=== Assignment ===
Only the lines from the one containing "Somerset Investments Europe Ltd. Logo" to the end of the material are to be copied, exactly and in full; images stay out.

=== Source material ===
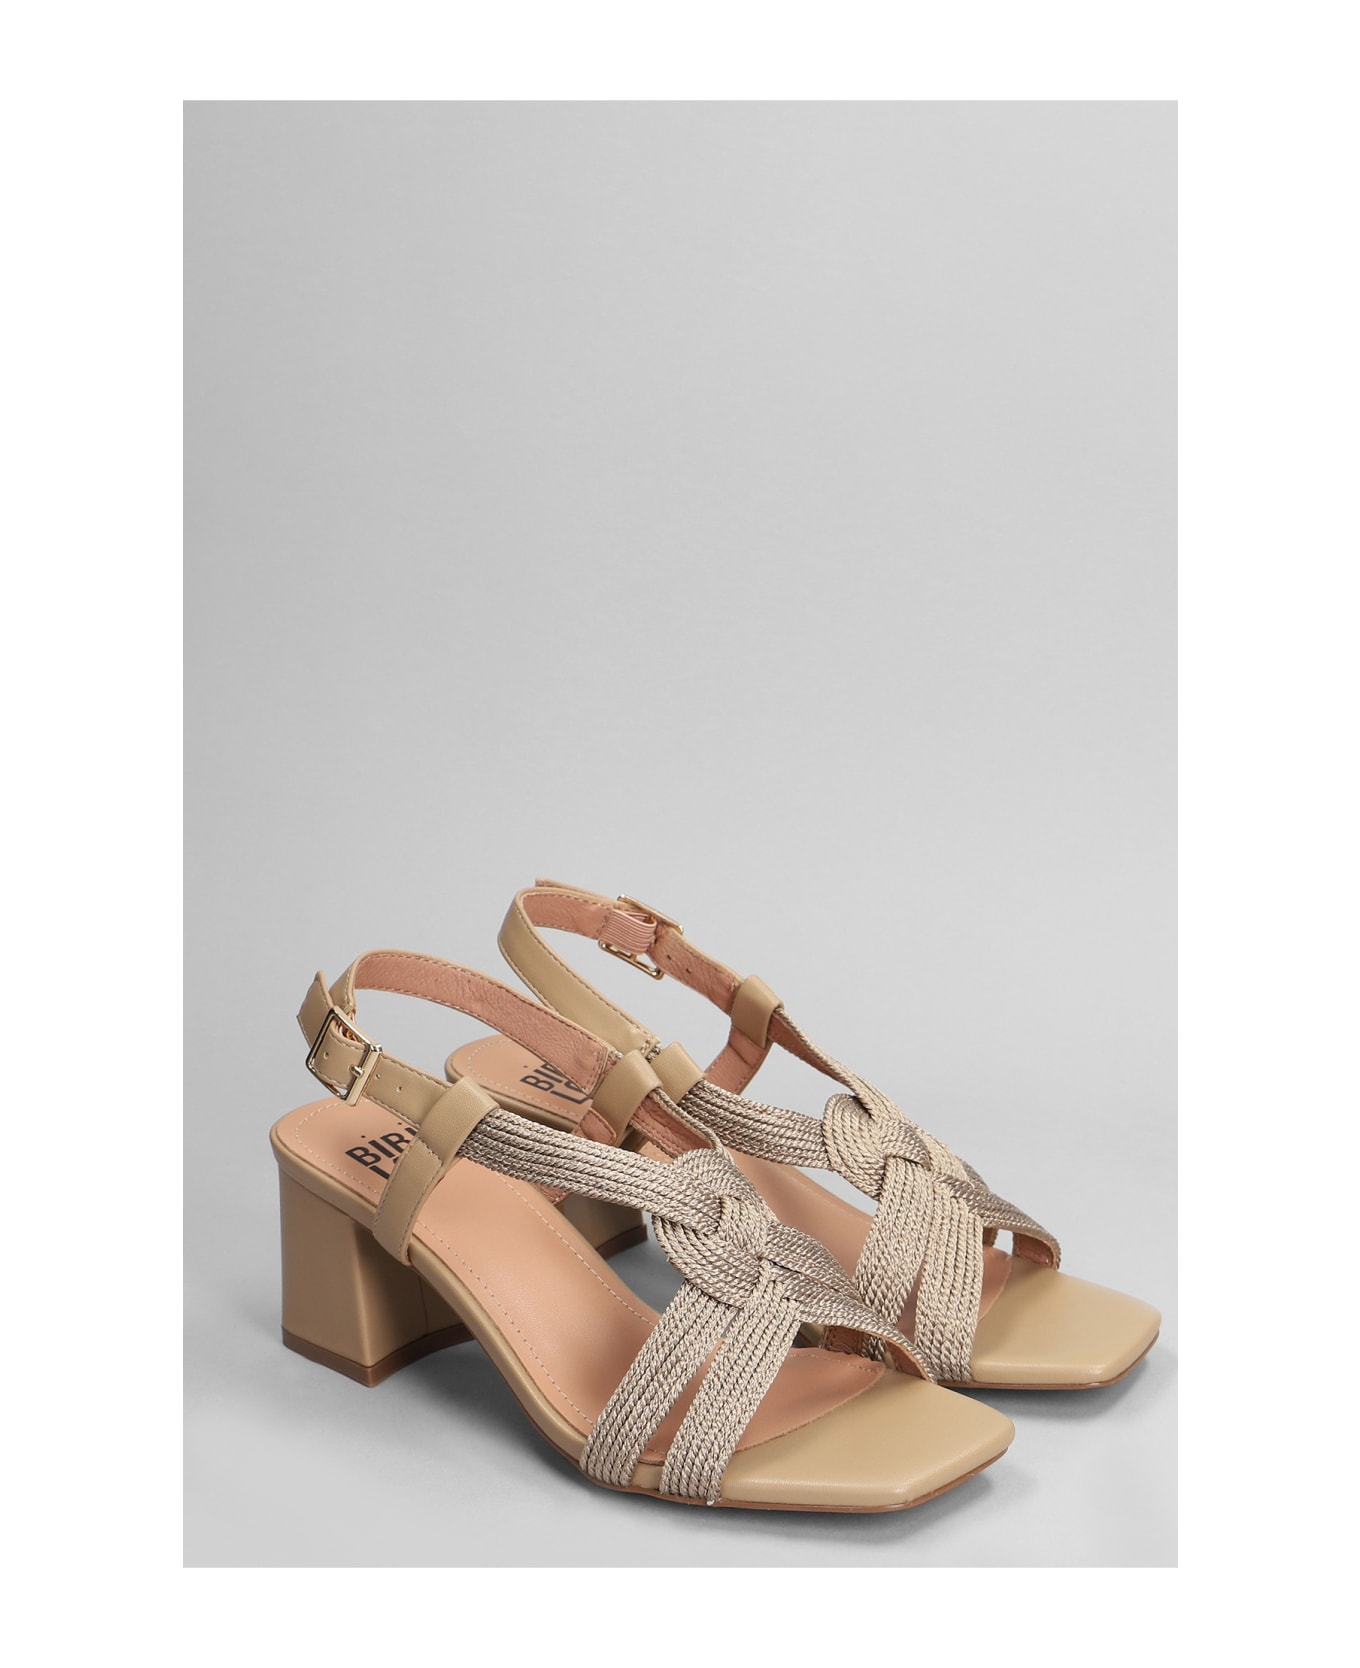 Bibi Lou Setsuko Sandals In Camel Leather - Camel
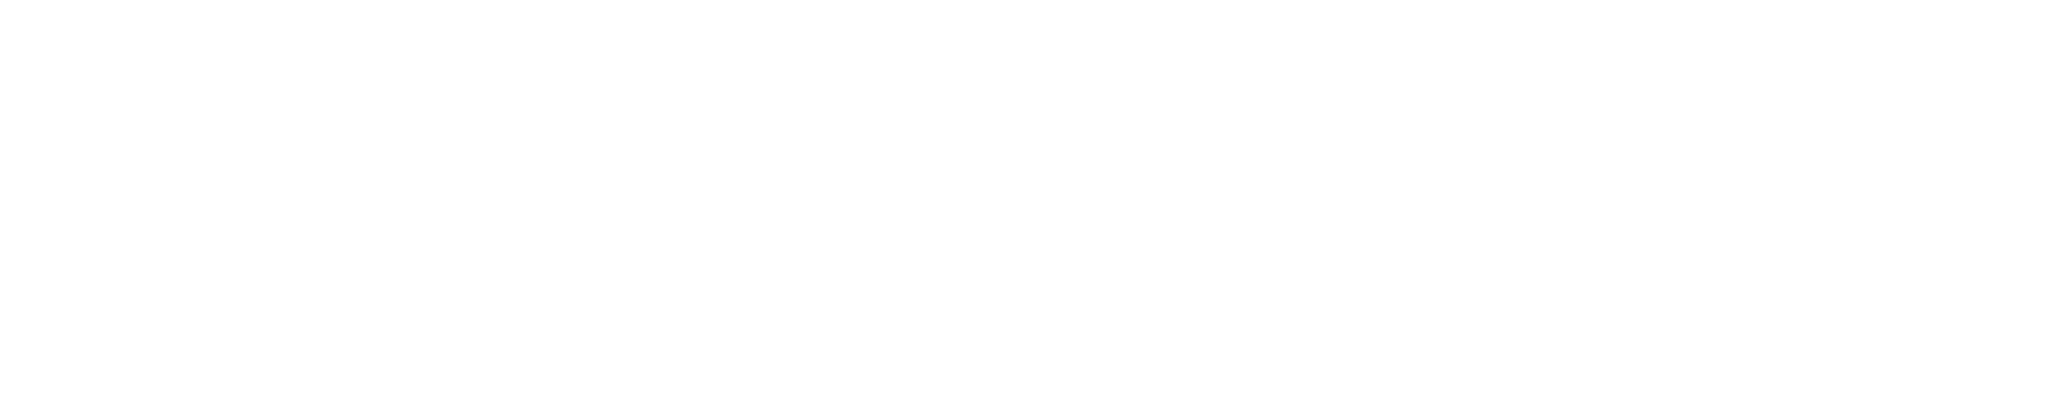 Somerset Investments Europe Ltd. Logo
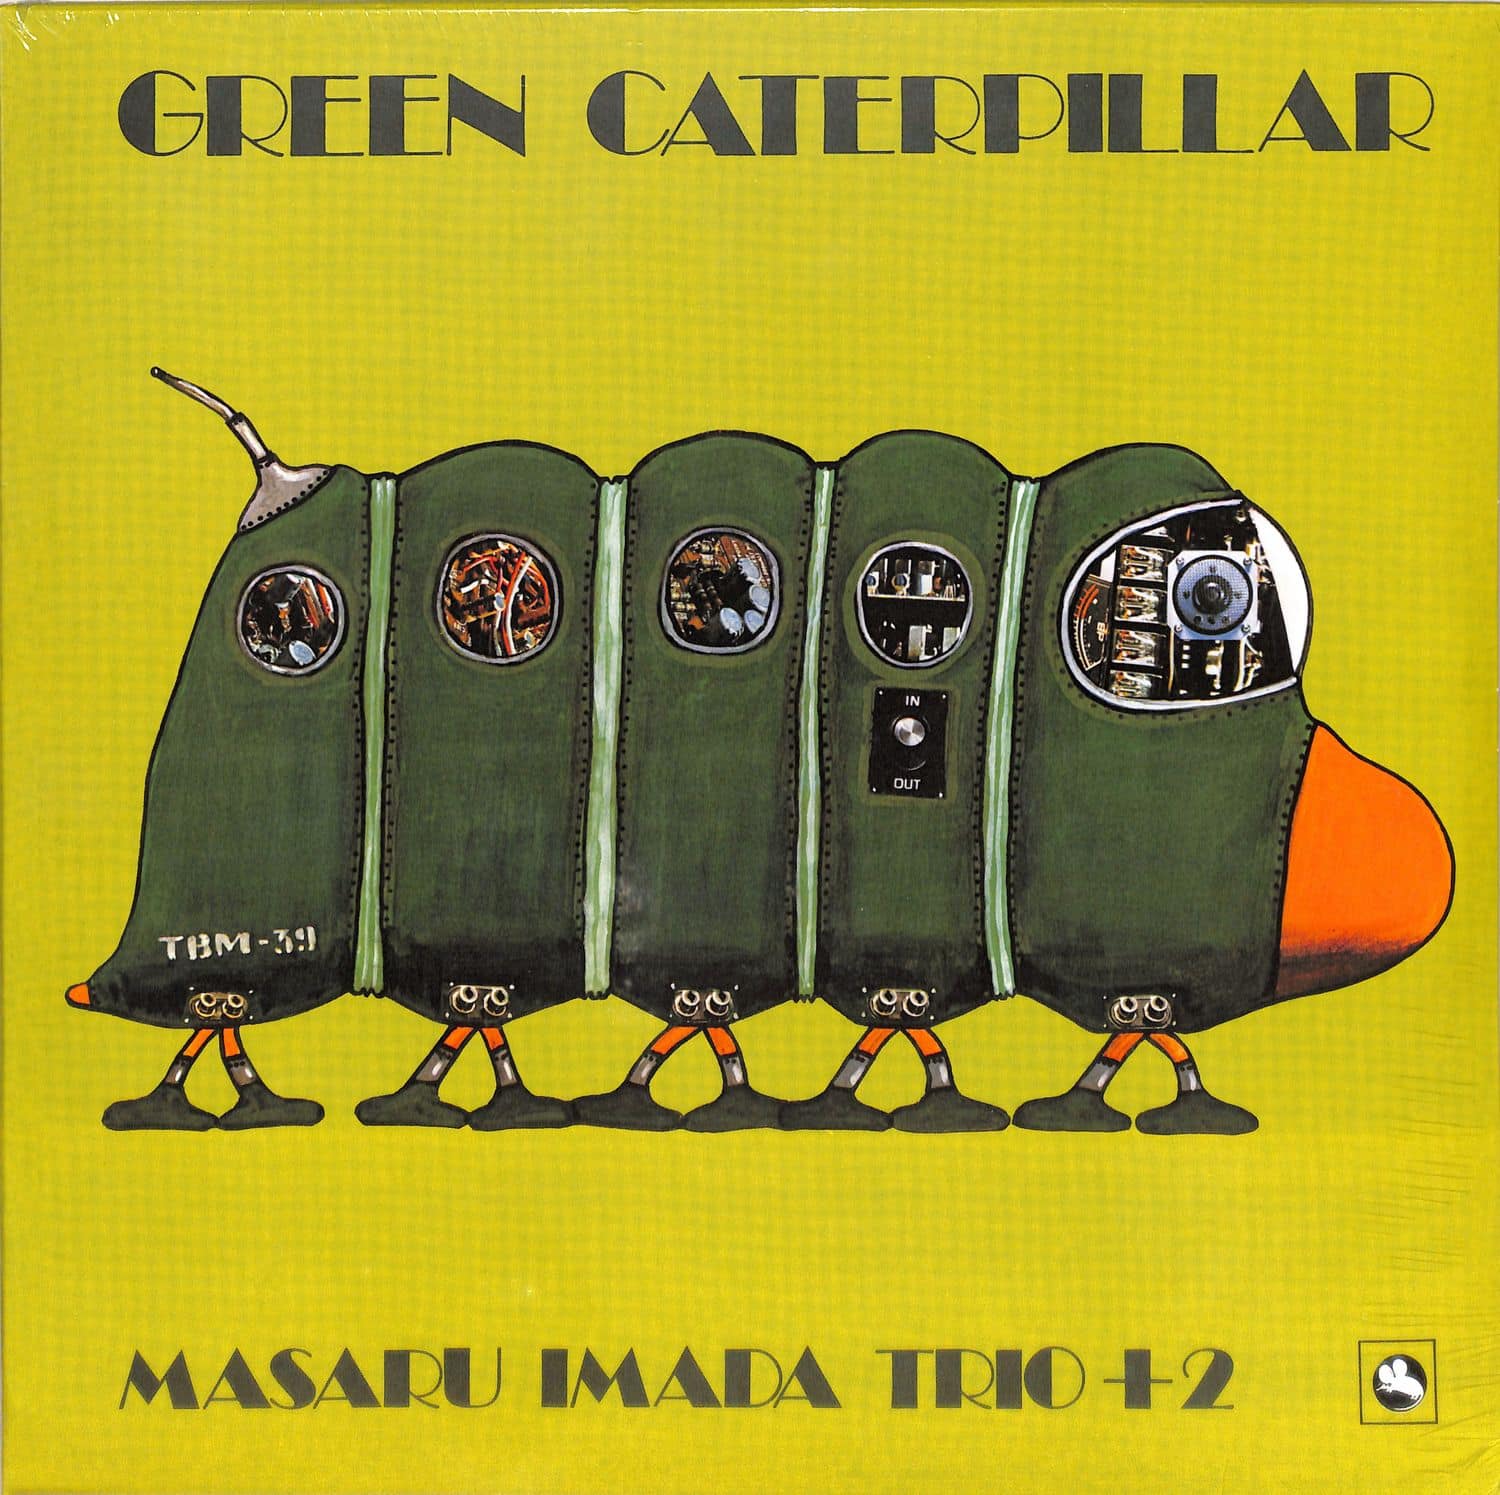 Masaru Imada Trio + 2 - GREEN CATERPILLAR

=== Written reply ===
 Somerset Investments Europe Ltd. Logo
 Masaru Imada Trio + 2 - GREEN CATERPILLAR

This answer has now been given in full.